Тана со стоном рухнула на постель, стараясь прогнать лишние мысли. Скоро придет Холод. Что потом? Она будет кричать, плакать и умолять. И либо надоест Люсьену и он убьет ее, либо Габриэль принесет ей крови. Чтобы избавиться от инфекции, нужно восемьдесят восемь дней. И все это время никто не сможет защитить ее от себя самой. Если она не хочет становиться вампиром, то должна выбраться отсюда и найти место, чтобы спрятаться. Но сейчас у нее все болит и она слишком устала. Габриэль прав. Ей нужно спать, выздоравливать, и пусть физраствор делает свое дело.
Но едва она закрывала глаза, ей казалось, что она чувствует, как распространяется инфекция. Тана пыталась понять, не охватывает ли уже ее Холод. Она боялась, что когда проснется, то уже не сможет строить никаких планов, а будет мечтать только об одном: вцепиться в горло первому вошедшему. А когда ей удалось избавиться от этих мыслей, она начала думать о Габриэле. Невозможно поверить, что он прижимал ее к стене и целовал, что их тела соприкасались, что она запускала руку ему в волосы, что он растерянно смотрел на нее…
Чтобы отвлечься, Тана решила осмотреться. Здесь было слишком много вещей, чтобы считать эту комнату гостевой. На тумбочке у кровати лежала стопка книг и в отпечатке засохшей темной жидкости стоял бокал. Туалетный столик из узорчатого дерева был уставлен открытыми баночками и кистями. Большая подвеска и длинные золотые серьги с нефритом небрежно валялись в открытой шкатулке.
В приоткрытую дверь шкафа виднелся подол черного платья. Повернув голову, Тана попыталась рассмотреть картину, вместо которой теперь висел пакет с физраствором. Натянув цепочку наручников, она увидела изображение красивого святого, пронзенного стрелами, которые торчали из его тела. По бледной коже стекала кровь, лицо в экстазе страдания поднято к небу.
Итак, это комната женщины… Вероятно, вампира. Хозяйки здесь нет. И вряд ли она вернется. Элизабет. Должно быть, это комната Элизабет. Это ее картина, ее украшения и платья. Люсьен разрешил Габриэлю приковать Тану в спальне вампирши, которую любил и которую убил на глазах толпы.

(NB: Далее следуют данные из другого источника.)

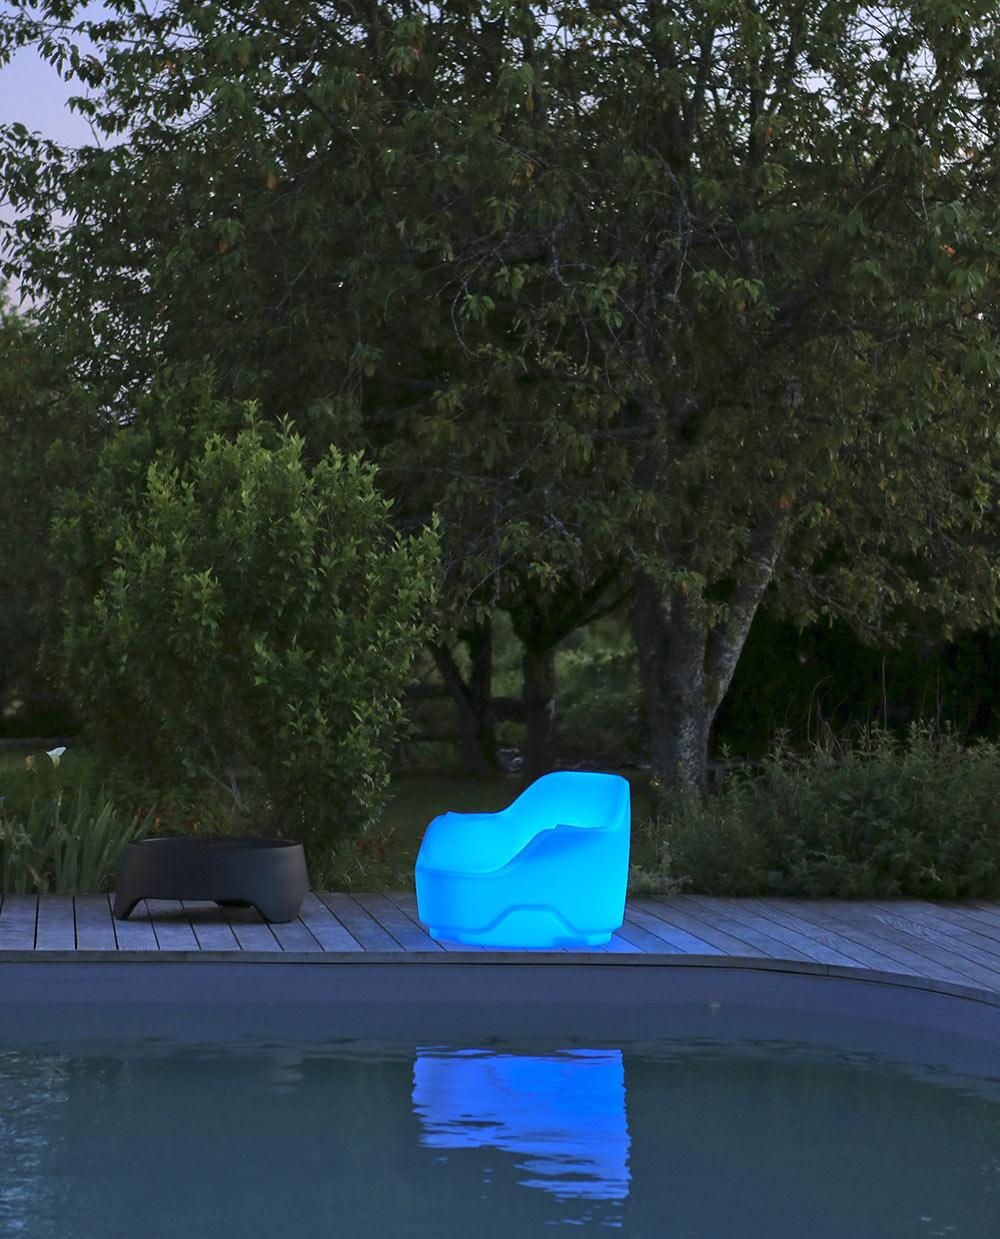 Fauteuil De Jardin Lumineux Moaïs - My Croisette intérieur Salon De Jardin Lumineux

Это было жуткое открытие. Еще более жуткое от ощущения, что она вроде как… заменила Элизабет. Как будто девушка, прикованная к постели – почти то же самое, что и другая, спящая в ней. Да, что бы Габриэль ни говорил и как бы она не чувствовала себя рядом с ним, глупо рассчитывать на его доброту. Он безумен и кровожаден, его настроение постоянно меняется…
Тана встала на колени и, борясь с головокружением, попыталась освободиться от наручника, прижав большой палец к ладони. Она помогала себе свободной рукой, надеясь, что тот, кто приковал ее, был небрежен.
Бесполезно. Кисть не пролезала.
Она ощупала цепь и сами браслеты в надежде найти механизм, который позволил бы их снять – как на игрушечных наручниках. Ничего. Тана понимала, что шансов у нее не было, но нужно было хотя бы попытаться.
Потом она обратила внимание на медное изголовье. Теперь, сидя на кровати, она могла бы соскользнуть с нее и встать на ноги, отодвинув прикроватный столик. А тогда можно открутить шарик с опоры и снять наручник с кровати. Что ж, можно рискнуть.
Столик легко отъехал в сторону, несколько книг упало на пол. Тана опустила на пол босые ноги. Постояв немного, чтобы восстановить равновесие, она стала откручивать медный шарик. Тот начал поворачиваться с пронзительным металлическим скрежетом.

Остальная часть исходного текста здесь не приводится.